III. Definition of Gain on Sale

We initiated this rulemaking to develop standardized guidelines for the allocation of the gains (and losses) from sales of utility assets. A utility receives a gain on sale when it sells an asset such as land, buildings or other tangible or intangible assets at a price higher than the acquisition cost of the non-depreciable asset or the depreciated book value of the depreciable asset. Thus, non-depreciable assets (such as land, water rights and goodwill), and depreciable assets and (such as machinery, buildings, equipment, materials or vehicles) are treated differently when determining whether there is a monetary gain from the sale of these assets.

Buildings, machinery, equipment, materials and vehicles may be depreciated on the utility's regulatory financial statements. Depreciation is a cost of owning the asset that appears on the utility's books each year, and ratepayers reimburse the utility for this depreciation cost. When a utility sells the depreciable asset, its gain is the difference between the depreciated value of the assets at the time of sale and the sales price. Taxes figure into the equation, since they reduce the sales proceeds, or gain, allocable to the utility.

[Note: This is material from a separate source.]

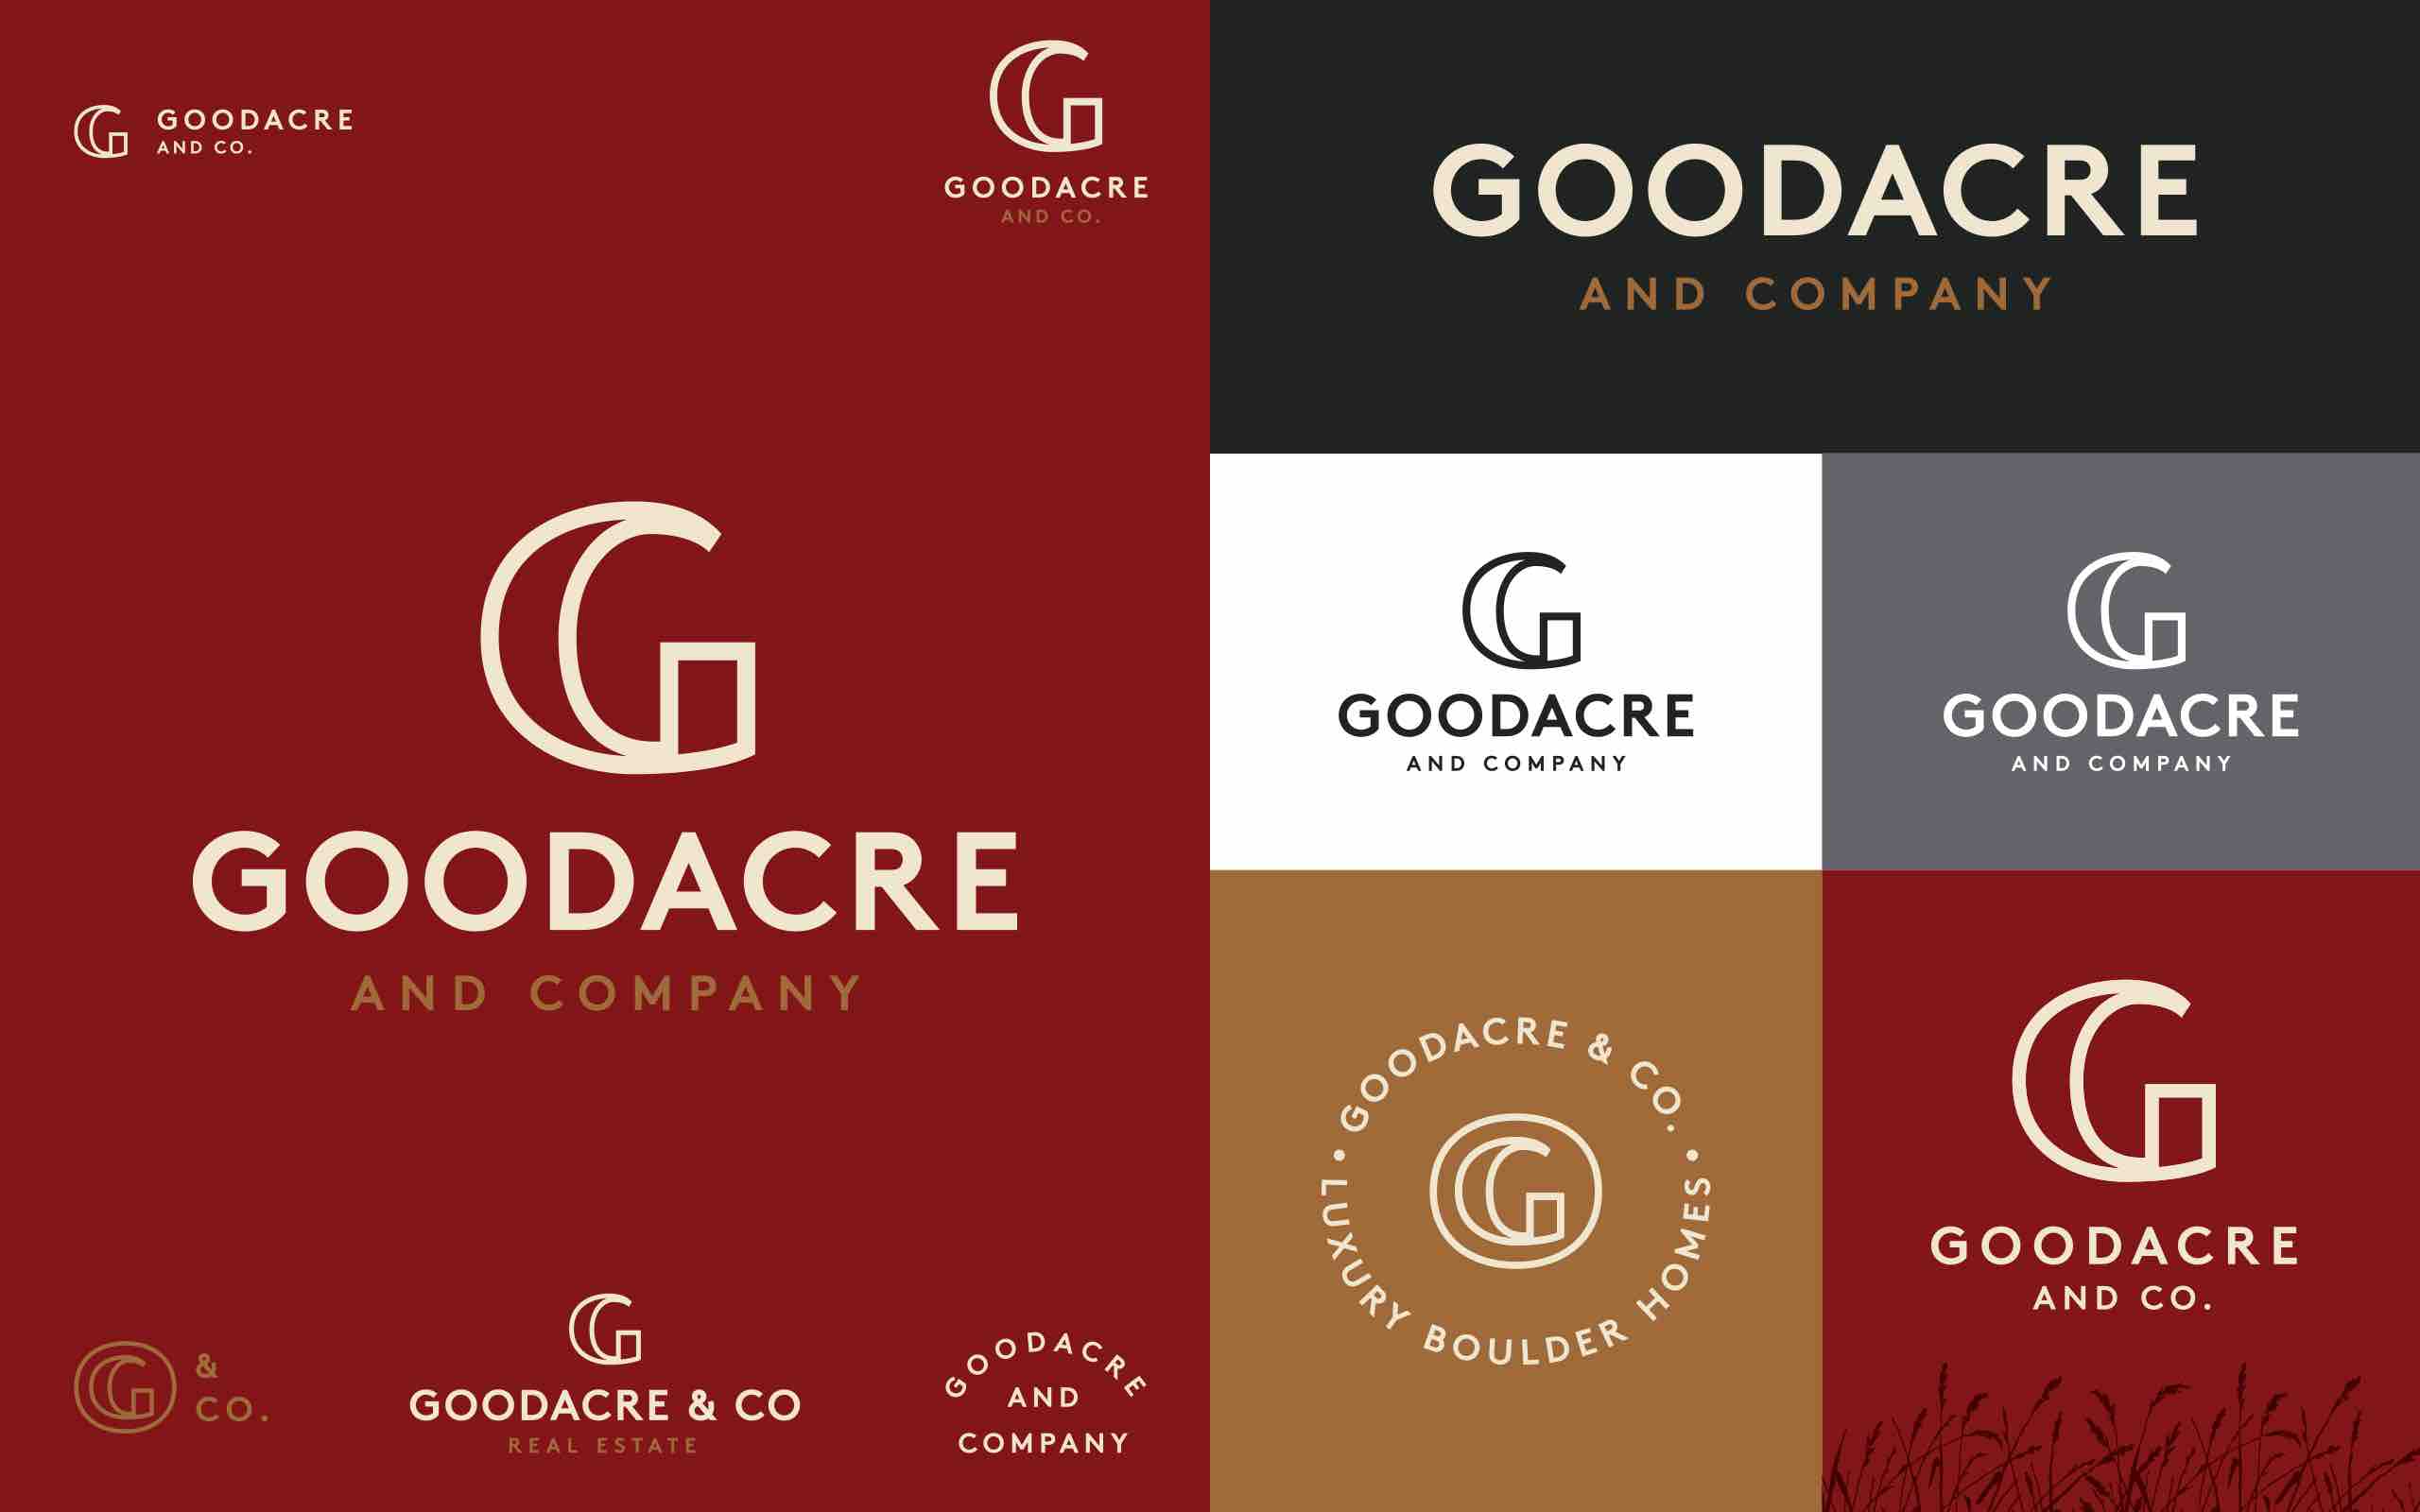 Goodacre-Brand-identity-System-by-anthem-branding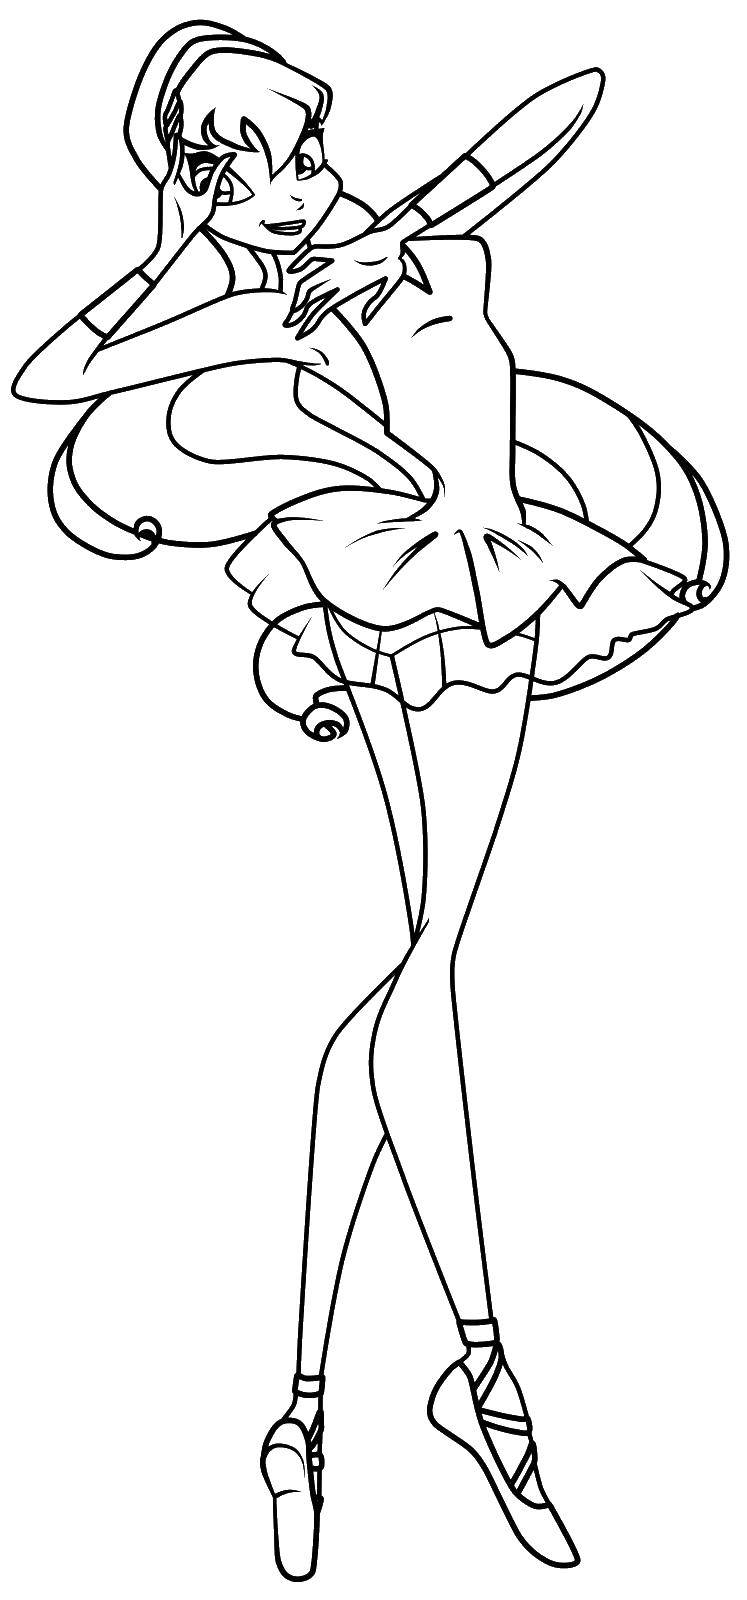 Coloring Stella from winx cartoon. Category ballerina. Tags:  Ballerina, ballet.

Land, water rights and goodwill, on the other hand, are not depreciable because they need not be replaced, unlike buildings, machinery or other depreciable assets. Thus, ratepayers do not pay the utility its depreciation costs. However, ratepayers still bear costs associated with a non-depreciable asset because the entire cost of the asset is put into rate base and the shareholders receive a return on that amount for as long as the asset is in rate base. Ratepayers also pay for carrying costs such as maintenance, taxes, insurance, administrative costs and interest expense for the asset.